Design and Colors
Next to their origins, the greatest debate about show globes is what, if anything, the colors of the liquids symbolized. Red and blue may have indicated arterial and venous blood. One belief was that if the globe was filled with red liquid there was a plague in town, but if it was filled with green all was well. Pharmacists could create vibrant colors with chemicals in their shops, often following a recipe book.
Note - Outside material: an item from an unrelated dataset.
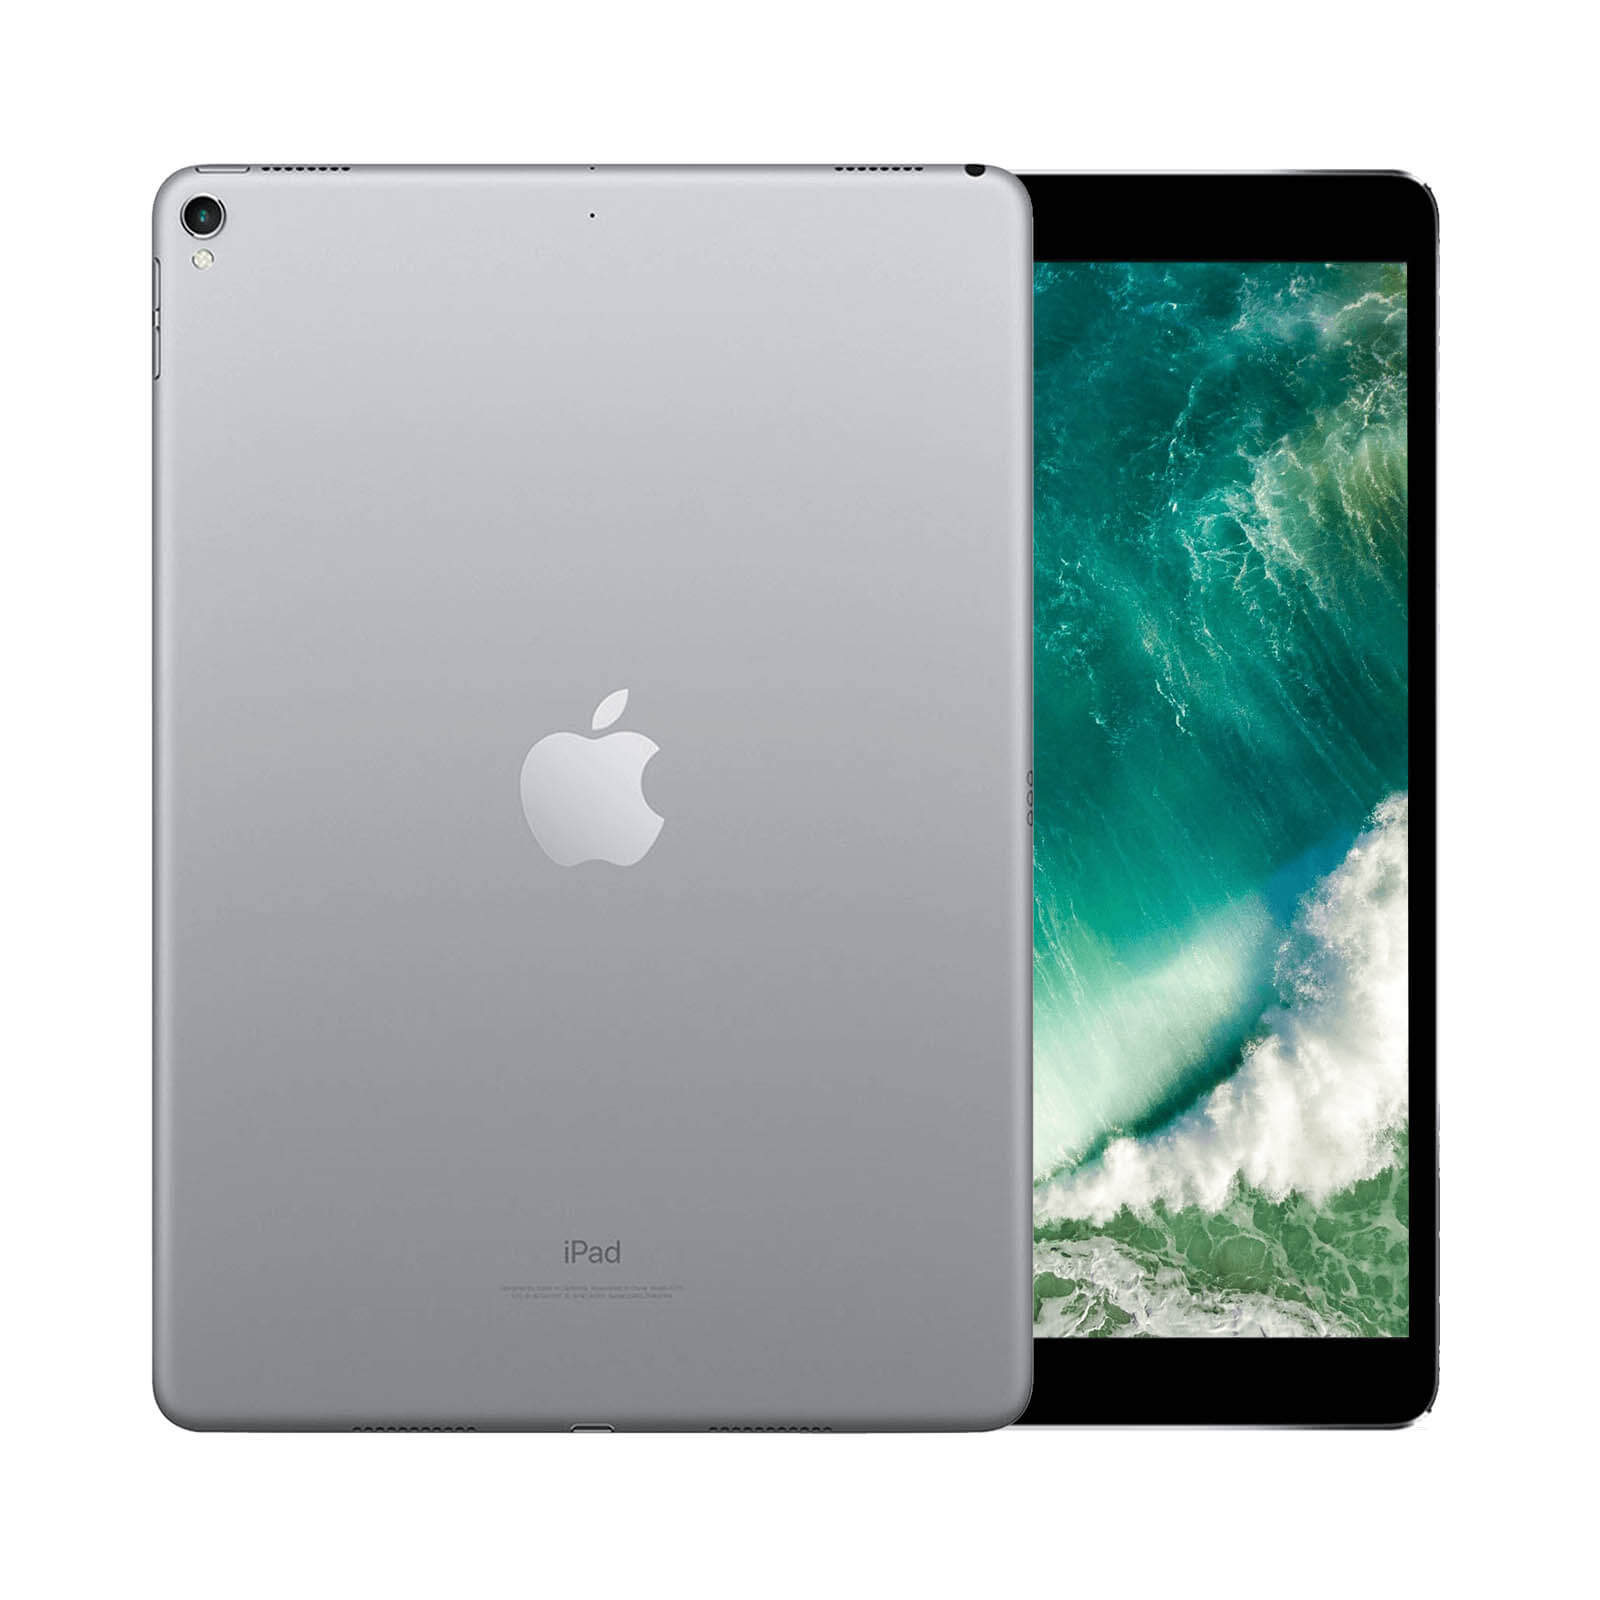 iPad Pro 10.5 Inch 256GB Gold Very Good - WiFi

Most globes were plain glass, but sometimes they were punty cut or etched glass. Some had multiple stoppers, each stopper smaller than the one below, tapering to a small finial at the top. They could be freestanding or wall-mounted. If they were freestanding, they hung from a brass chain; the most elaborate had multiple tiers, each chamber containing a different color of water. It was not so much the pharmacists who were responsible for the evolution of show globes to works of arts, but American glass manufacturers. Pharmaceutical catalogs during the 1870s advertised numerous styles of show globes with each glass manufacturer developing his own design. A US patent was granted in 1869 to Henry Whitney of Cambridge, Massachusetts, for a show globe with a colored glass body with a neck and base of transparent uncolored glass. The purpose of this design was to eliminate the need to use colored liquids, which could leave a residue inside the bottle. Though oil could be used to illuminate the colored glass panes in windows, gas lighting in the early 19th century led to the general use of show globes. They could be lit from the interior or placed in front of a gas jet. In the US, globes were usually illuminated by a light placed behind them.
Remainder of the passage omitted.